The raspberry pi cluster pictured in the Reddit post – nicknamed “Longboi” by its creator – represents more than just an impressive homelab flex. It embodies a fundamental DevOps truth: there’s no substitute for hands-on infrastructure experimentation. When you need to understand distributed systems, container orchestration, and high-availability architectures, building physical clusters delivers insights no cloud console can match.

In professional environments, we increasingly manage infrastructure through abstraction layers – Kubernetes, Terraform, cloud APIs. But when these abstractions fail (and they will fail), engineers who understand the underlying metal-and-silicon reality have a critical advantage. This is why serious DevOps practitioners maintain homelabs: physical environments where we can break things without consequences, test failure scenarios, and observe systems at the packet level.
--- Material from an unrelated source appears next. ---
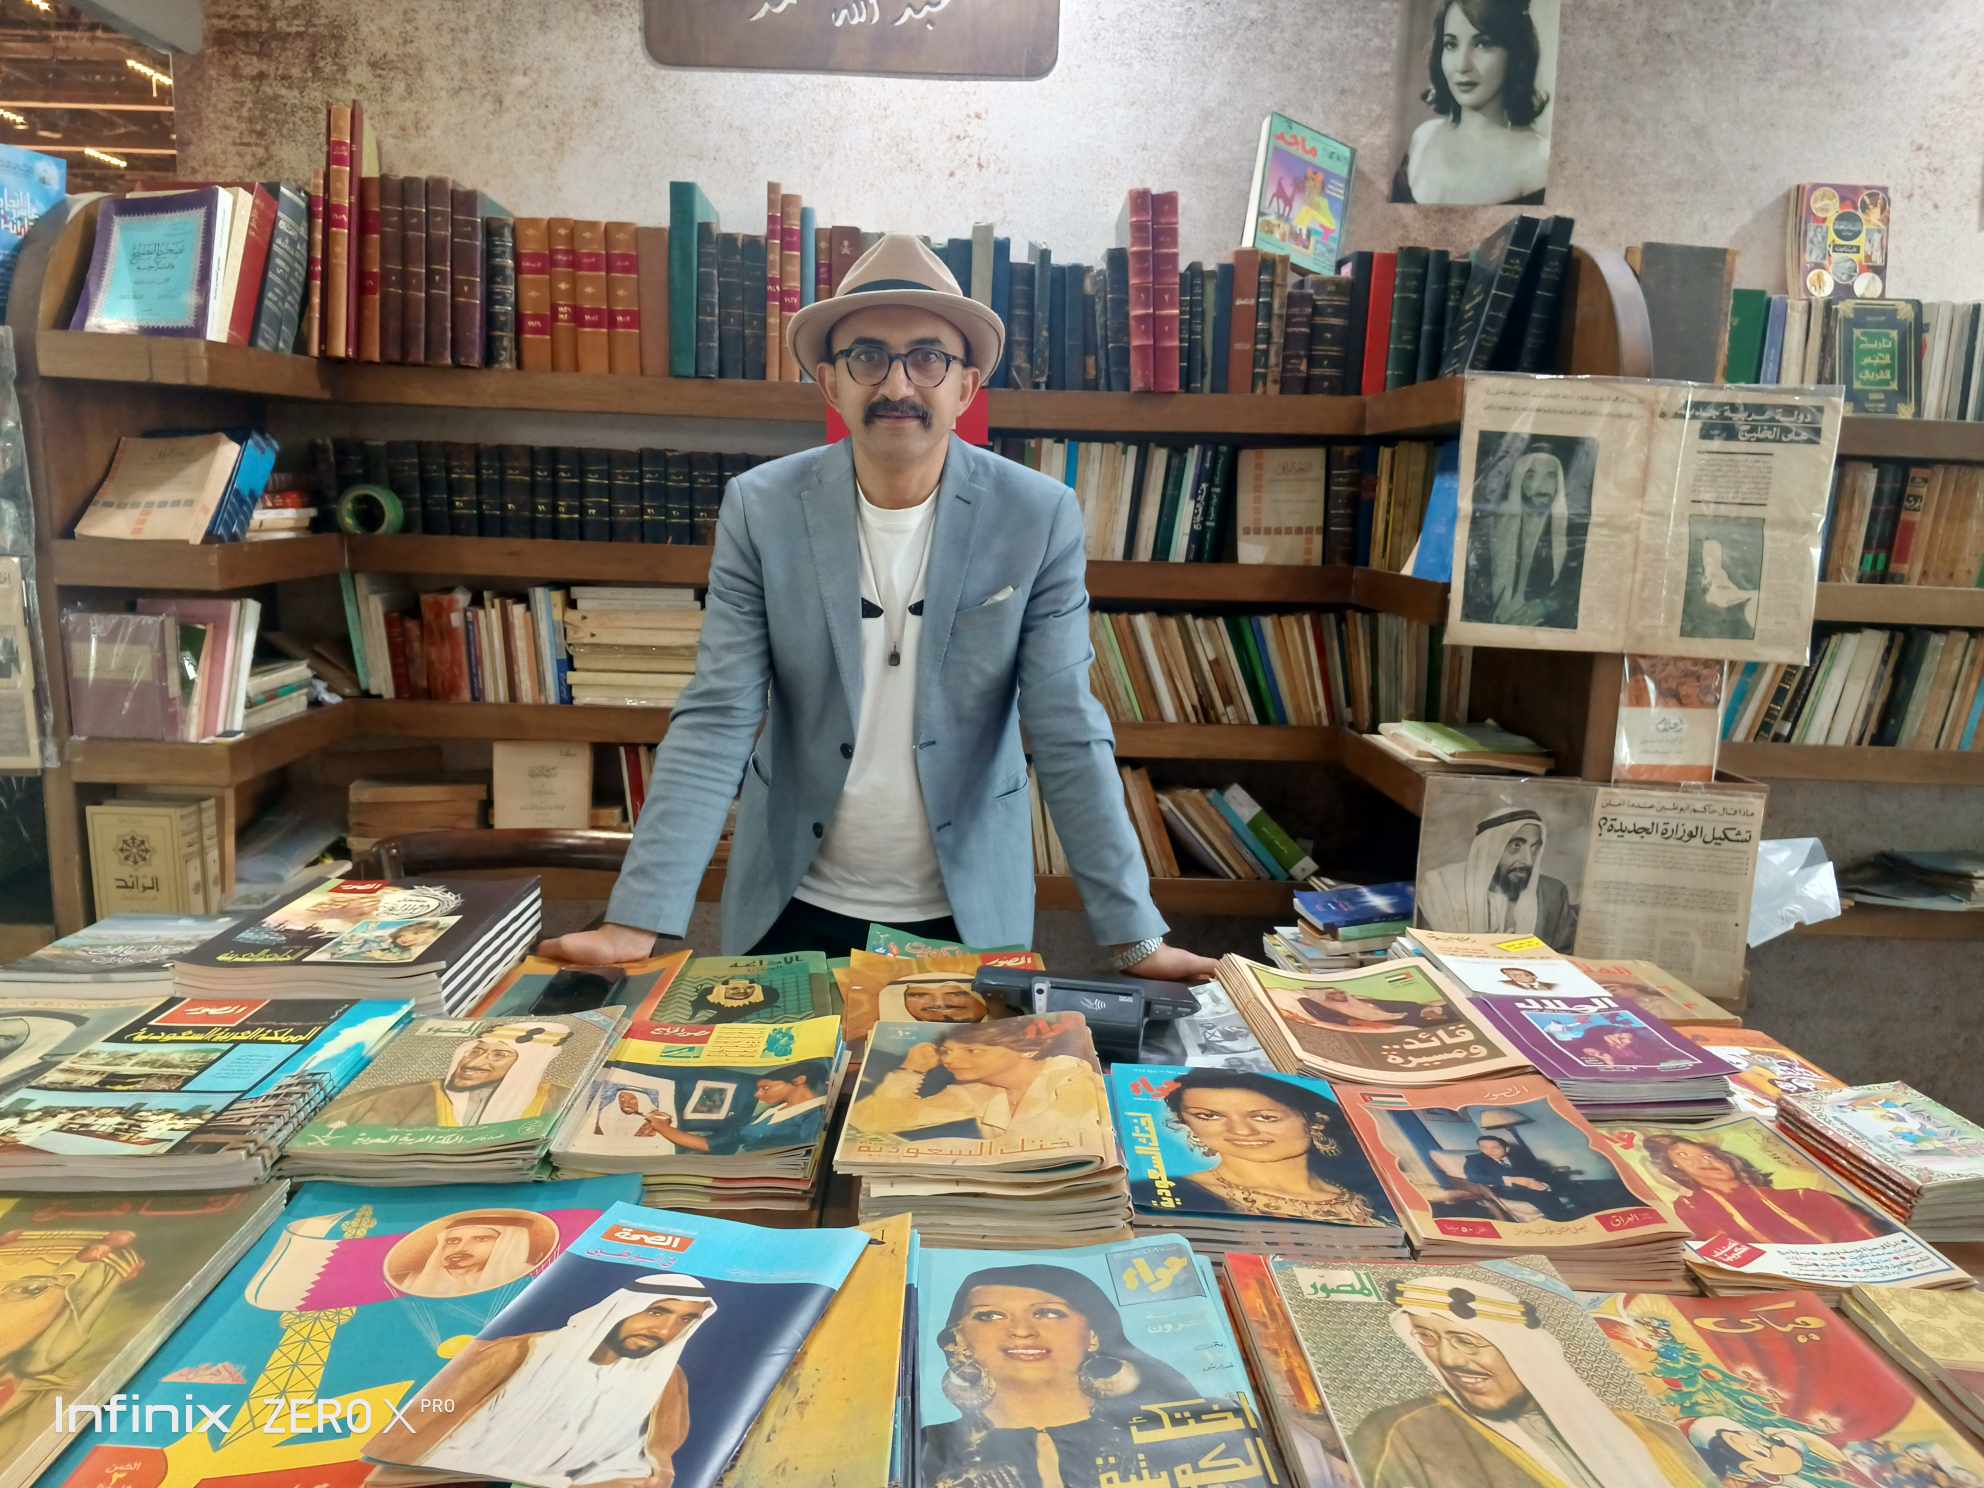 سور الأزبكية في معرض أبوظبي للكتاب.. أوراق برائحة الماضي | فيديو وصور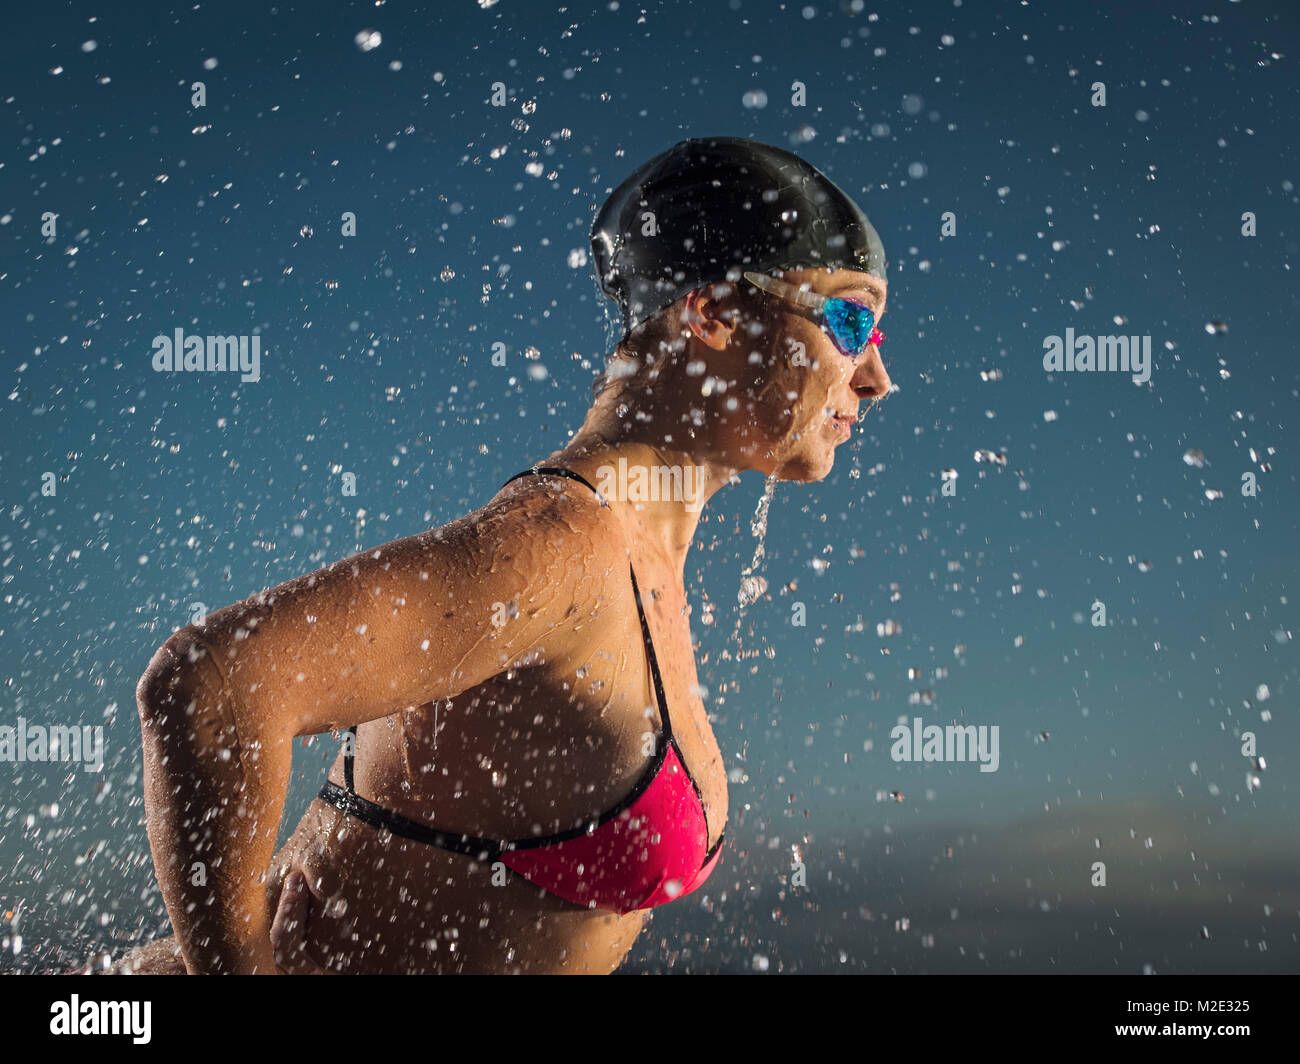 Water splashing on Caucasian swimmer Stock Photo

In this comprehensive guide, we’ll dissect a real-world Raspberry Pi cluster build while exploring:

Cluster fundamentals – What makes distributed systems different
Hardware selection – Why RPi 5 + NVMe creates capable nodes
Orchestration choices – Lightweight Kubernetes vs Docker Swarm
Storage challenges – Making NVMe work in ARM environments
Power management – The critical role of proper UPS integration
Observability – Monitoring bare-metal clusters effectively

Whether you’re preparing for CKA certification, architecting production systems, or simply satisfying technical curiosity, this deep dive will equip you with practical cluster operations knowledge that translates directly to enterprise environments.

UNDERSTANDING THE TOPIC

What Is a Computing Cluster?

A computer cluster is a group of interconnected machines (“nodes”) that work together as a single system to provide:

High Availability (HA): Continuous operation through redundancy
Horizontal Scaling: Distributed workload processing
Fault Tolerance: Automatic failure recovery
Parallel Processing: Simultaneous task execution

Clusters differ from single-server setups in their networked coordination – nodes communicate via high-speed links to synchronize state and distribute workloads. The Reddit poster’s “Longboi” exemplifies a homogeneous cluster (identical Raspberry Pi 5 nodes), but production environments often mix hardware profiles.

Historical Context

Cluster computing evolved through three key phases:

Mainframe Era (1960s): Single massive computers with redundancy
Beowulf Clusters (1990s): COTS (Commercial Off-The-Shelf) machines networked with Linux
Cloud & Container Era (2010s): Virtualized clusters managed by orchestration systems

Modern DevOps clusters combine Beowulf’s hardware pragmatism with cloud-native orchestration – exactly what our RPi 5 build demonstrates.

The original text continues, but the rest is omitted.